Each tenant have its own role ids, so when doing automation with group import we need to query the vCloud API and get the role ids. There is a specific query API to get data. When using a system account we need to specify a “VCLOUD-TENANT-CONTEXT” in the header of the request. This we we can query a tenant context from a system account.
### Retrieve roles from tenant
[xml]$xml = Invoke-RestMethod -UseBasicParsing -Uri 'https://<VCD_URI>/api/query?type=role&page=1&pageSize=20&links=true' -Method get -Headers @{'x-vcloud-authorization'= $vCDAuthorizationToken ; Accept = 'application/*+xml;version=31.0'; "Content-type" = "application/*+xml;version=31.0"; "X-VMWARE-VCLOUD-TENANT-CONTEXT" = "$orgId"}'
### Find the real is for x
$RoleHref = ($xml.QueryResultRecords.RoleRecord | where {$_.Name -eq "$role"}).href
After we got the role id we can now send up the group together with the role id and this was be able to authenticate based on a SAML group from AzureAD.
### Define XML with role and groupid
$xmlBody =
@'
<Group xmlns="http://www.vmware.com/vcloud/v1.5"
xmlns:ns9="http://www.vmware.com/vcloud/versions" name="{1}"

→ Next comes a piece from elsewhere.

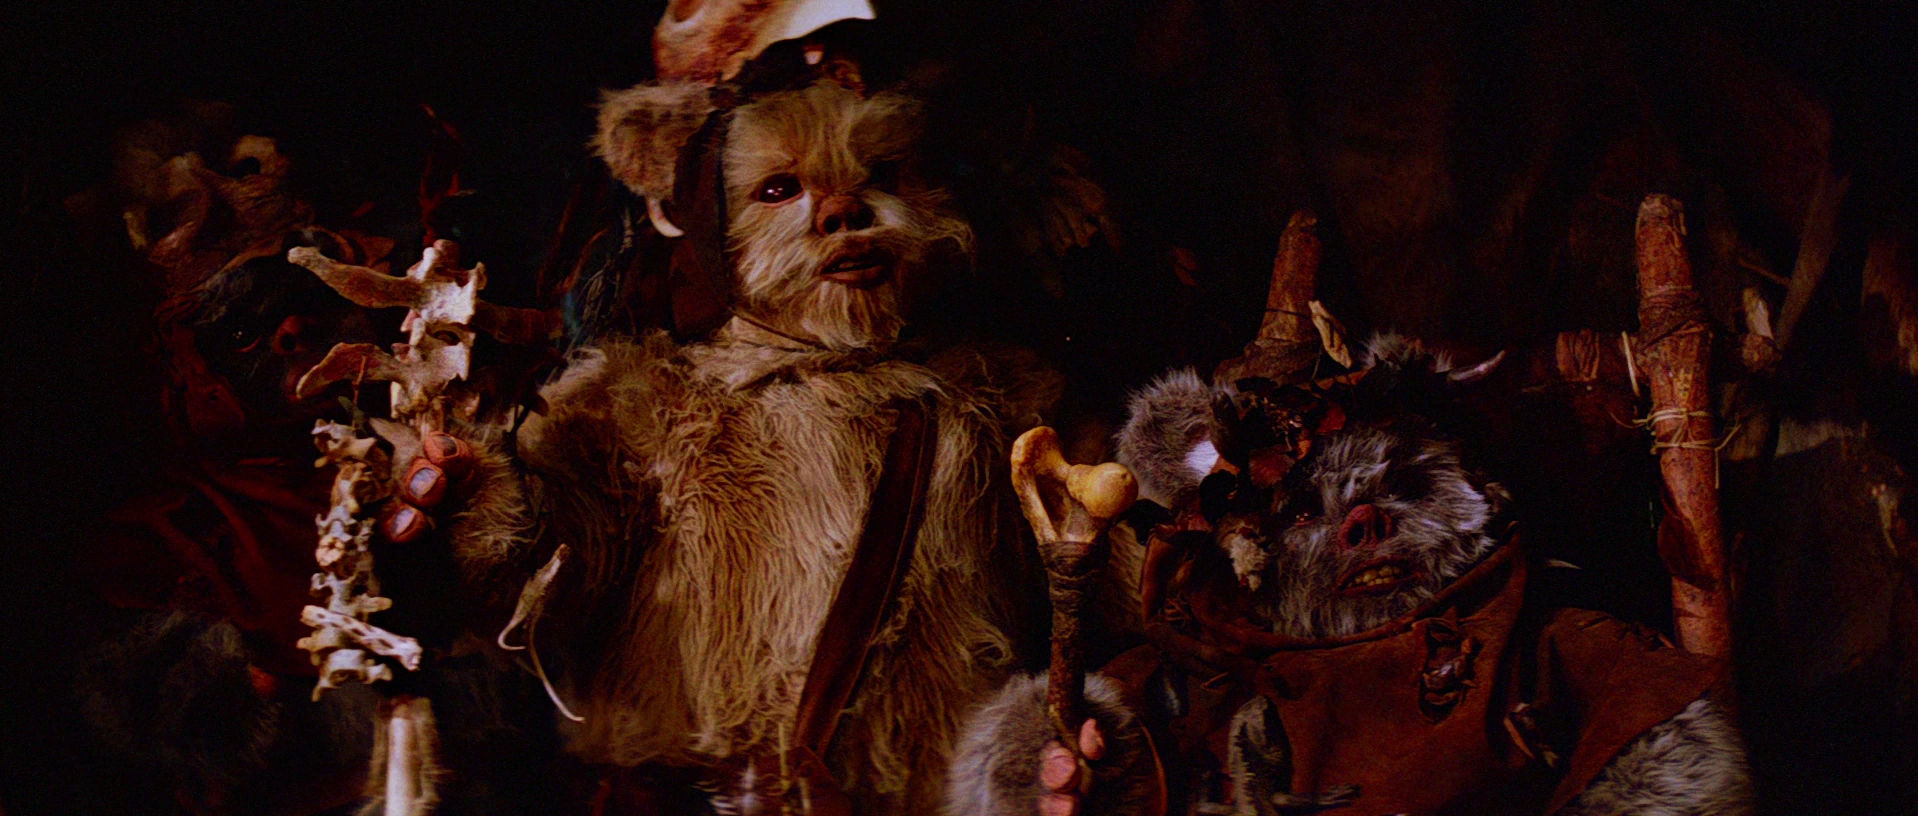 A Chripa Ewok is holding a sticks in his hands.
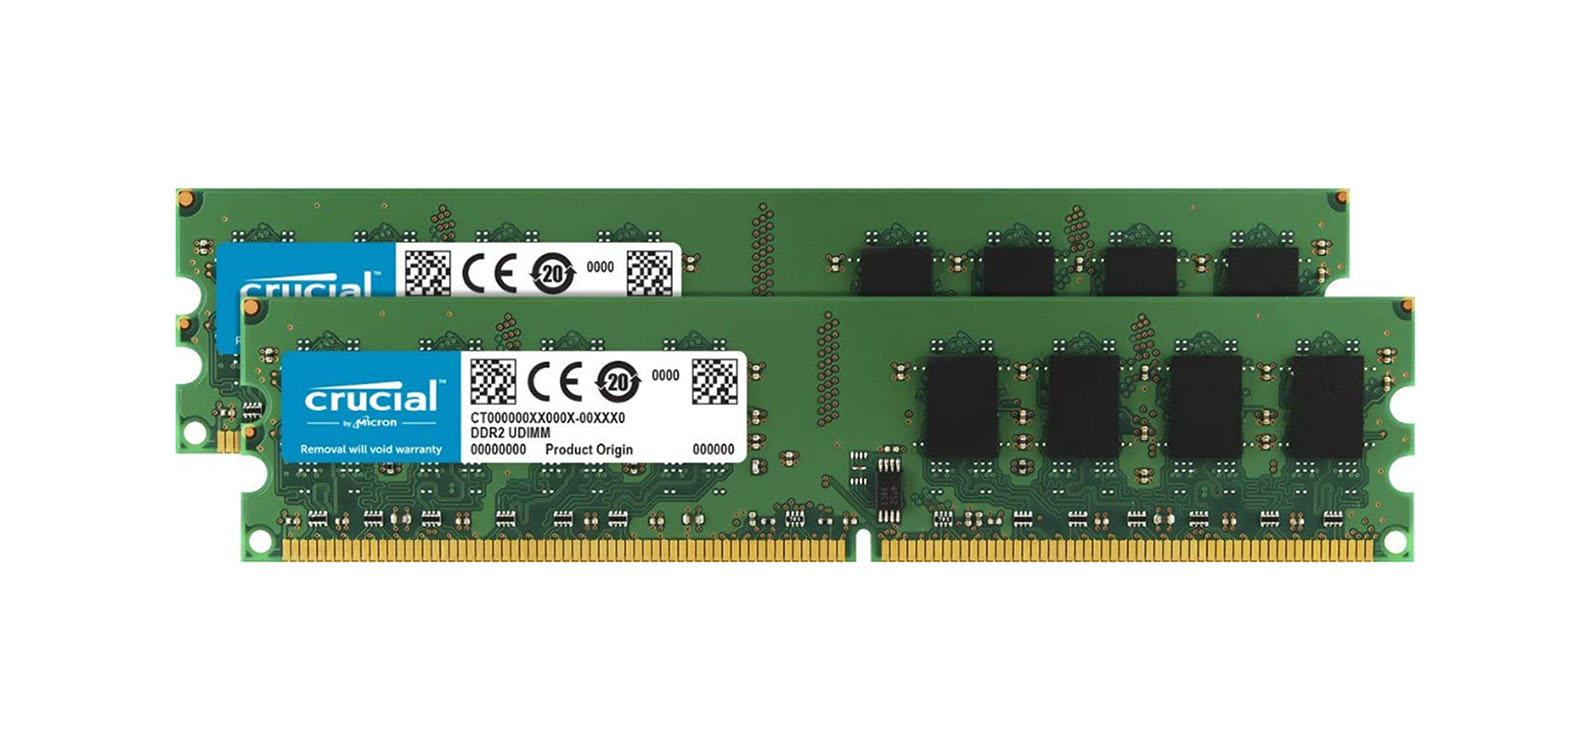 Crucial CT601278 8GB Kit (2 x 4GB) DDR2-667MHz PC2-5300 ECC Fully Buffered CL5 240-Pin DIMM Memory upgrade for Intel S5000VCL

type="application/vnd.vmware.admin.group+xml">
<ProviderType>SAML</ProviderType>
<Role href="{0}" type="application/vnd.vmware.admin.role+xml"/>
</Group>
'@ -f $RoleHref , $GroupId
### Post xml to vcd
Invoke-RestMethod -UseBasicParsing -Uri "https://<VCD_URI>/api/admin/org/$orgId/groups" -Method Post -Headers @{'x-vcloud-authorization'= $vCDAuthorizationToken ; Accept = 'application/*+xml;version=31.0'; "Content-type" = "application/*+xml;version=31.0"} -Body ([System.Text.Encoding]::UTF8.GetBytes(($xmlBody)))
Conclusion
Now we have all the pieces for making automation where we can enable a tenant for SAML authentication and afterwards import f.eks. a viewer and admin group. External users will then be invited to the AzureAD, imported into the right group and now they have access to the their tenant. We can help the organisation secure the access to their virtual datacenter with MFA and they will have single sign-on with there own user that originates from their own AzureAD or Microsoft account.
A service library will be made where users can be invited to the tenant organisation. So that when one user have been invited that user will be able to invite its colleagues.